As defined in [RFC7684], every link on the node will have a separate Extended Link Opaque LSA. The node that has the link to be taken out of service MUST advertise the Graceful-Link-Shutdown sub-TLV in the Extended Link TLV of the Extended Link Opaque LSA for OSPFv2, as defined in [RFC7684], and in the Router-Link TLV of E-Router-LSA for OSPFv3. The Graceful-Link-Shutdown sub-TLV indicates that the link identified by the sub-TLV is subjected to maintenance.

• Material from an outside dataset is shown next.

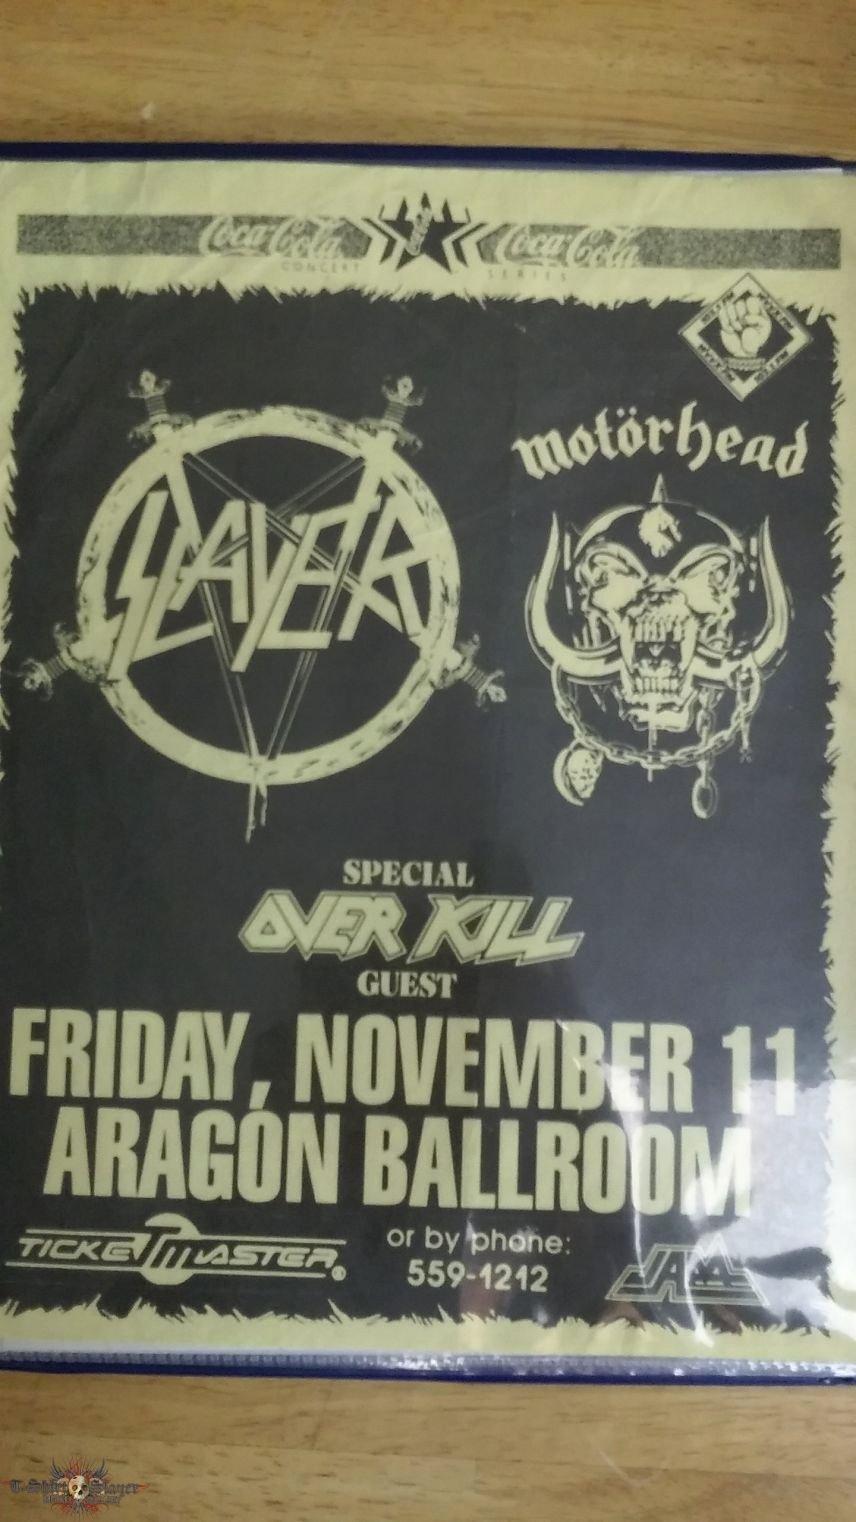 T Shirt Sale Flyer Elegant Slayer Motorhead Overkill tour Flyer

For the purposes of changing the metric OSPFv2 and OSPFv3 Router-LSAs need to be reoriginated. To change the Traffic Engineering metric, TE Opaque LSAs in OSPFv2 [RFC3630] and Intra-area-TE-LSAs in OSPFv3 [RFC5329] need to be reoriginated.
The graceful-link-shutdown information is advertised as a property of the link and is flooded through the area. This information can be used by ingress routers or controllers to take special actions. An application specific to this use case is described in Section 7.2.
When a link is ready to carry traffic, the Graceful-Link-Shutdown sub-TLV MUST be removed from the Extended Link TLV/Router-Link TLV, and the corresponding LSAs MUST be readvertised. Similarly, the metric MUST be set to original values, and the corresponding LSAs MUST be readvertised.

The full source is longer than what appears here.